Victory for Hollande could fatally destabilise the euro zone
Never make forecasts, especially about the future – wise advice, which I’m reluctant to ignore. But I will say I think the risk of a panic in the financial markets at some point in the next three or four weeks is extremely high. Wherever you look, there are icebergs on the horizon – small ones, like Greece, Portugal and Ireland, and giants, like Spain and Italy, and now most menacing of all, France.
If the opinion polls turn out to be correct, the French election will mark a turning point in the euro zone crisis. It is not just because the new president will be committed to leading the nation in the opposite direction to every other developed country, increasing government spending, reducing the pension age and the working week, raising the minimum wage by more than inflation and introducing a 75 percent tax rate, all of which are bound to threaten France’s creditworthiness which is already so low that it is paying nearly 3 percent to borrow compared to Germany’s 1.75 percent rate. More important in my view is what a Socialist victory will mean for the balance of power inside the euro zone.
The crisis has cruelly exposed the split in the euro zone between the parsimonious North and the spendthrift South, with France under President Sarkozy uneasily straddling the divide. There is a long history to this situation. Back in 1992, when the Maastricht Treaty was originally negotiated, France refused at the last moment to sign the Stability Pact until it was rechristened the Growth and Stability Pact, making the rift with Germany public to anyone who cared to pay attention and clearly pointing the way forward to the current mess. The only real surprise is that it has taken as long as twenty years to reach this point.
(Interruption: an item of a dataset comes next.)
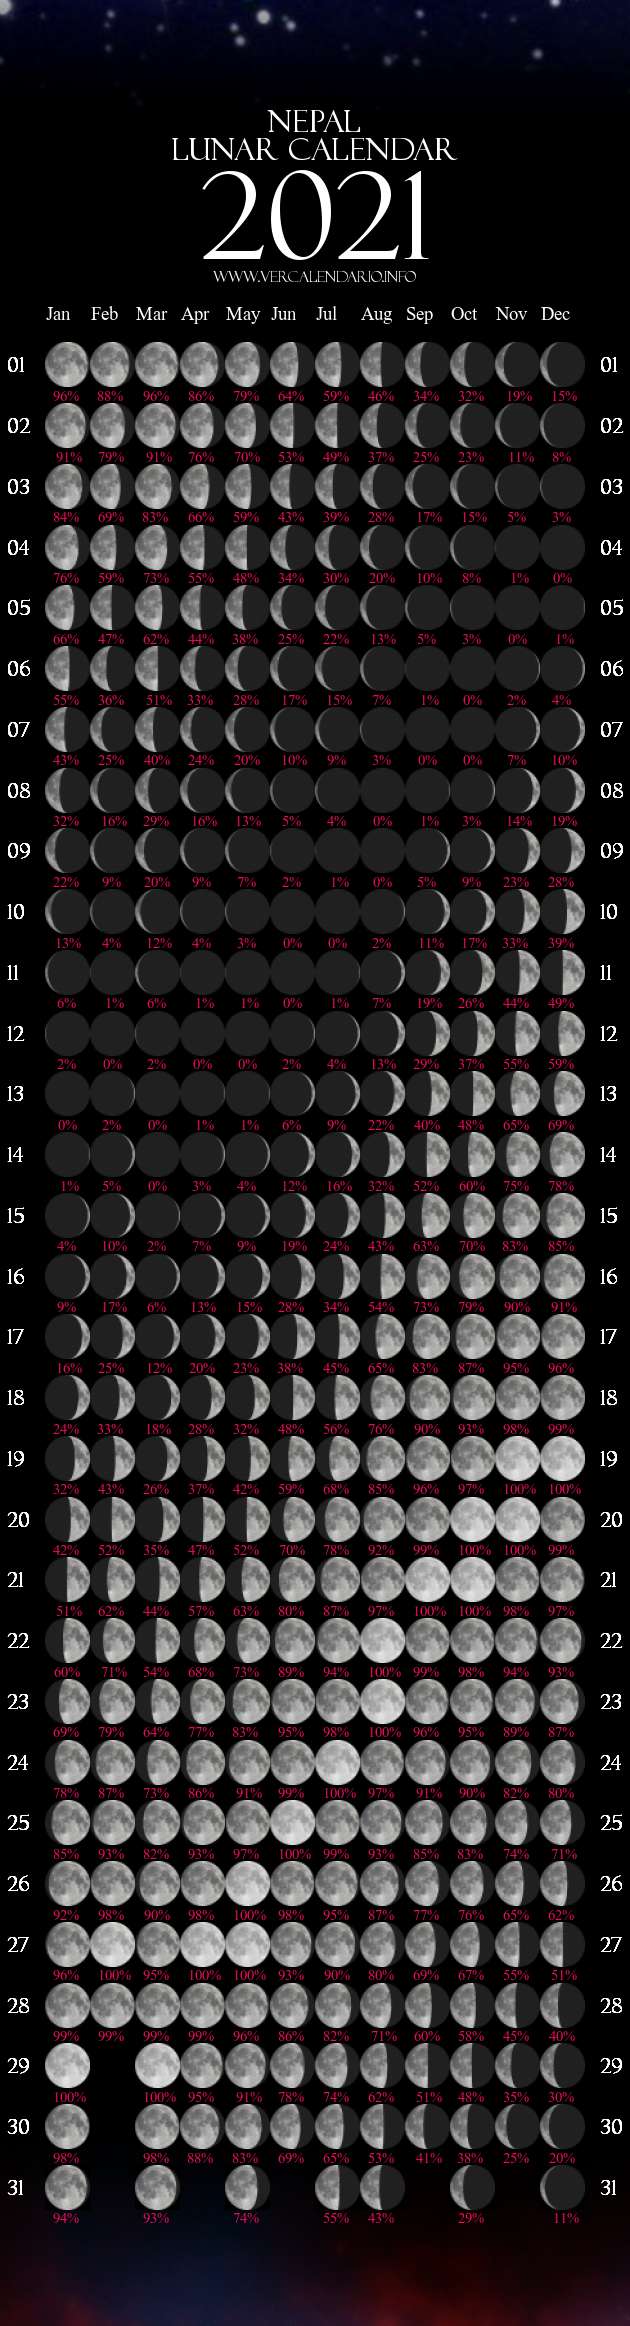 Lunar Calendar 2021 (Nepal)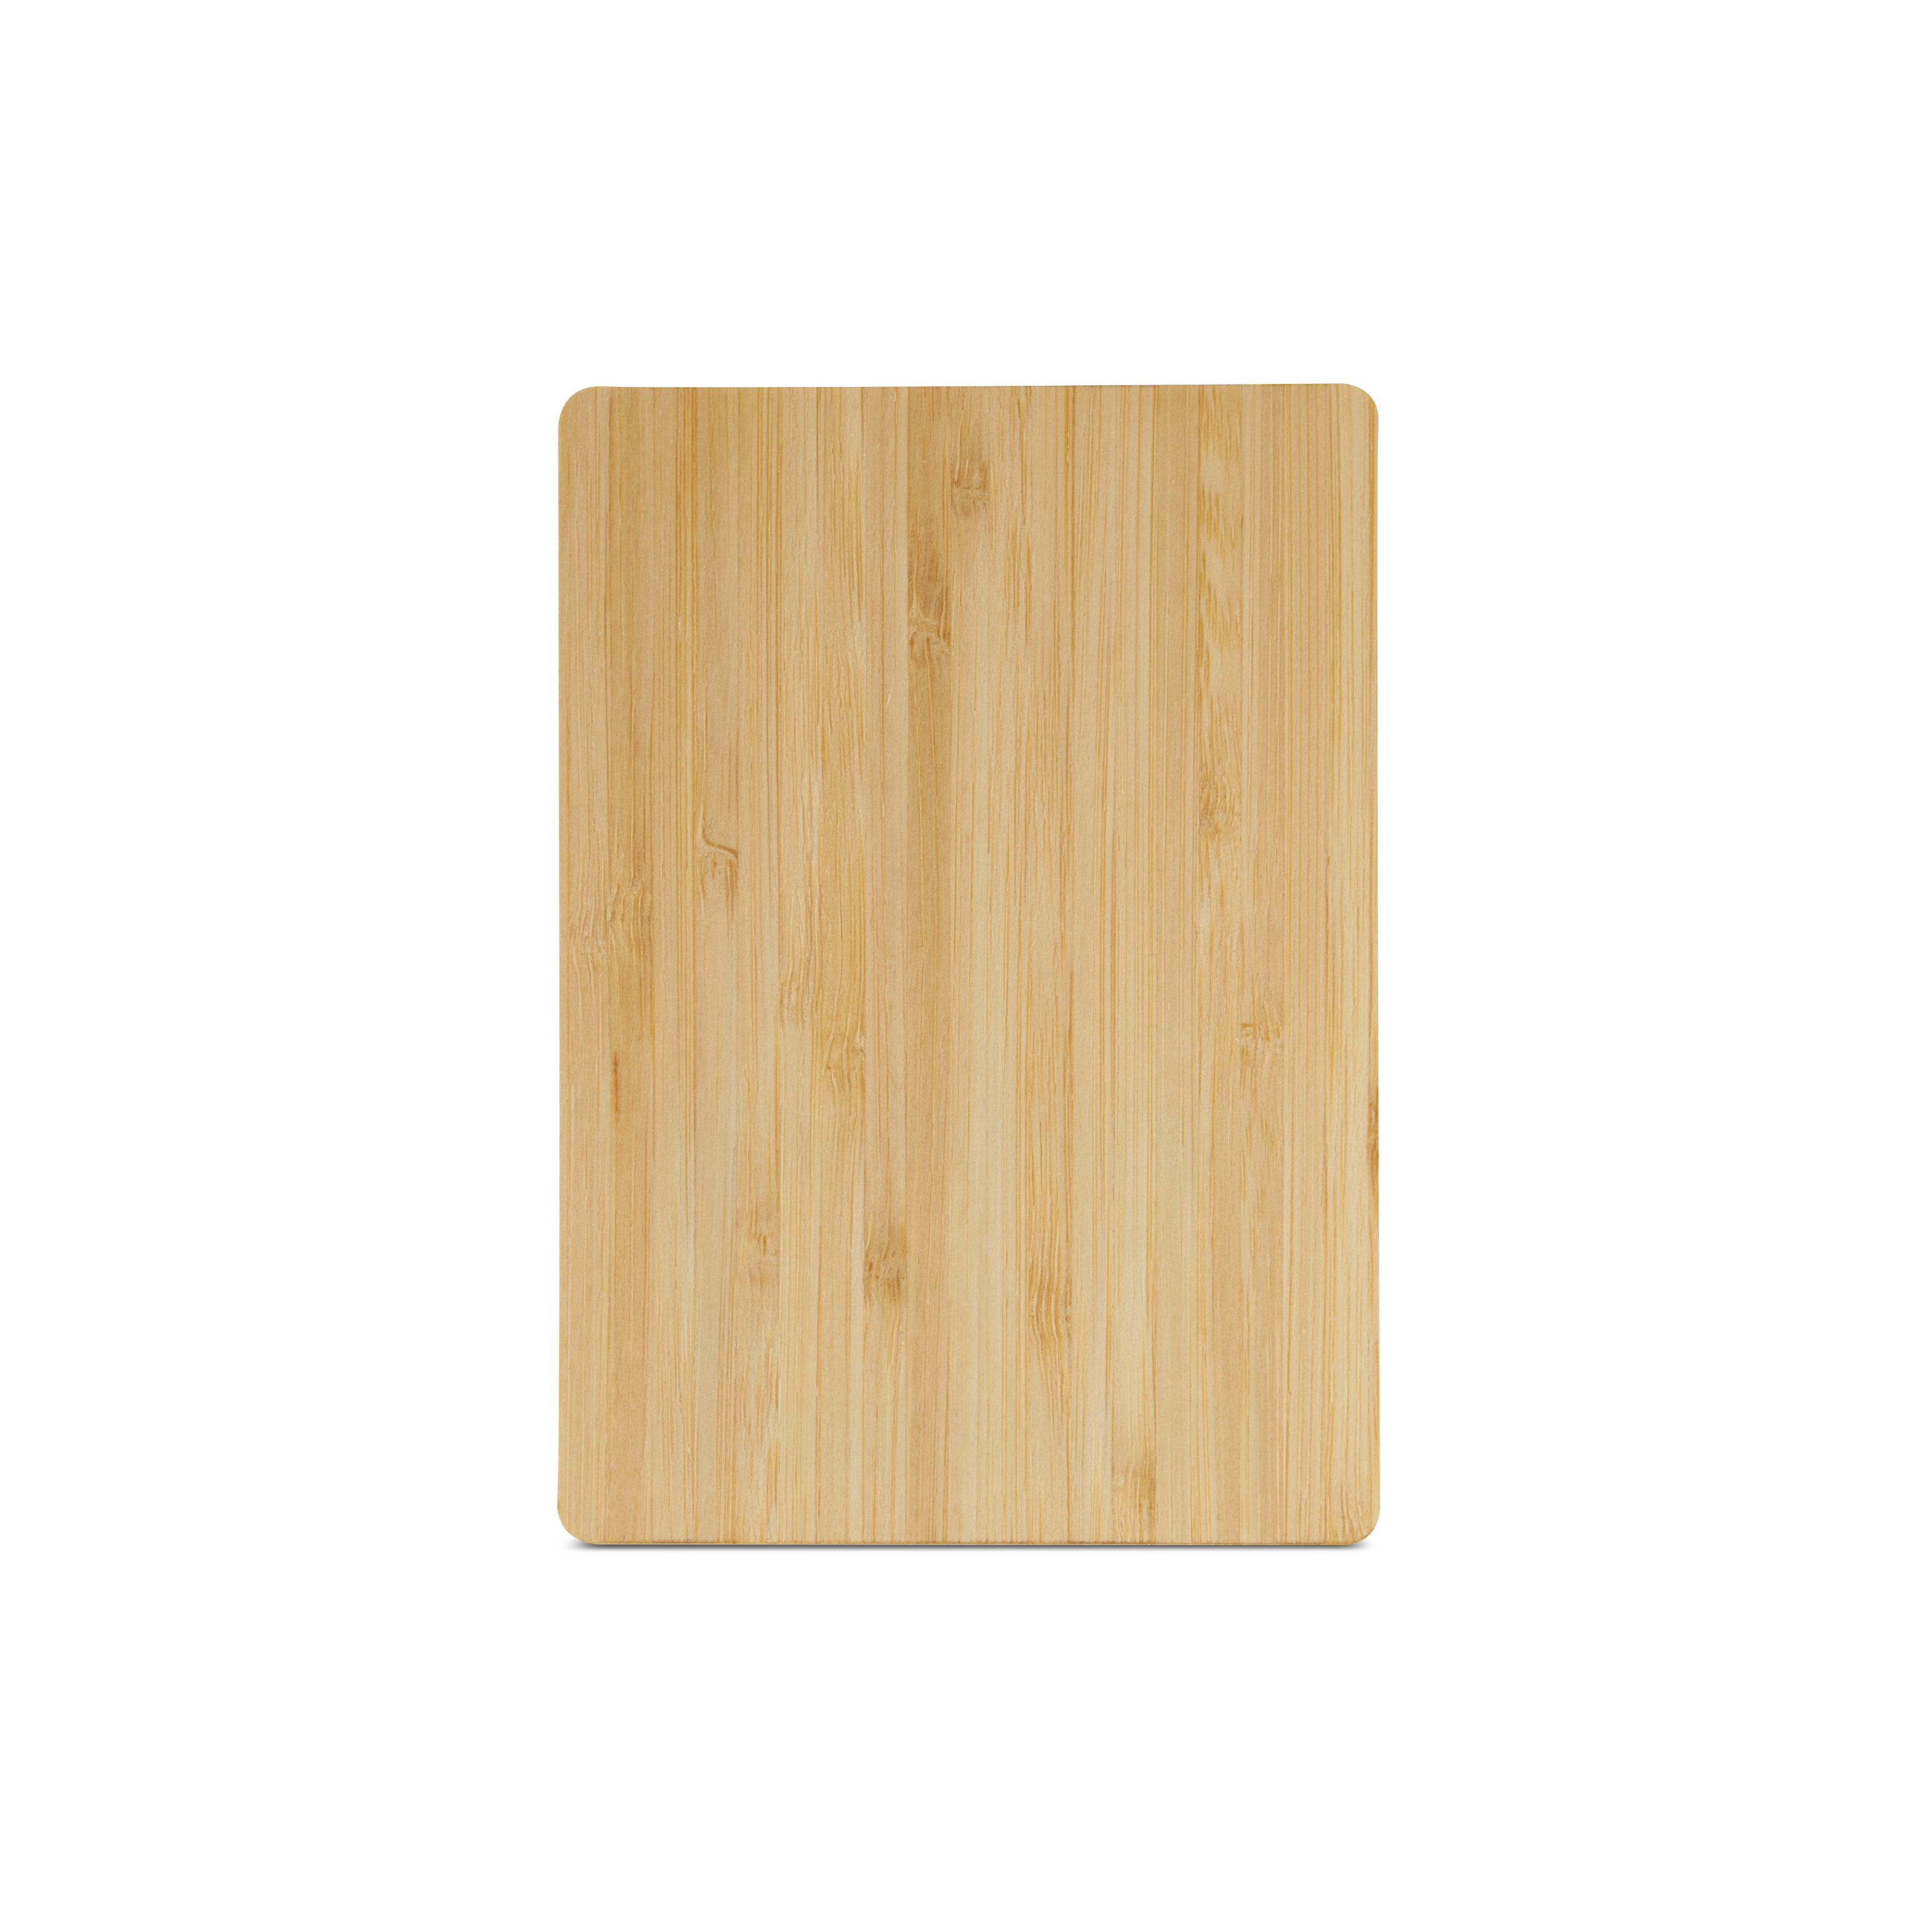 NFC plate bamboo - A6 - NTAG213 - 180 bytes - wood look

An election victory for Francoise Hollande will mark the end of France’s balancing act. It will have given up its increasingly desperate effort to keep abreast of Germany at the heart of Europe, and definitively signed up to ClubMed, a shift which will be fatally destabilising for the euro zone as a whole. Quite simply, the Northern bloc of Germany, Netherlands, Finland and Austria will be outgunned by opposition from the other thirteen member countries.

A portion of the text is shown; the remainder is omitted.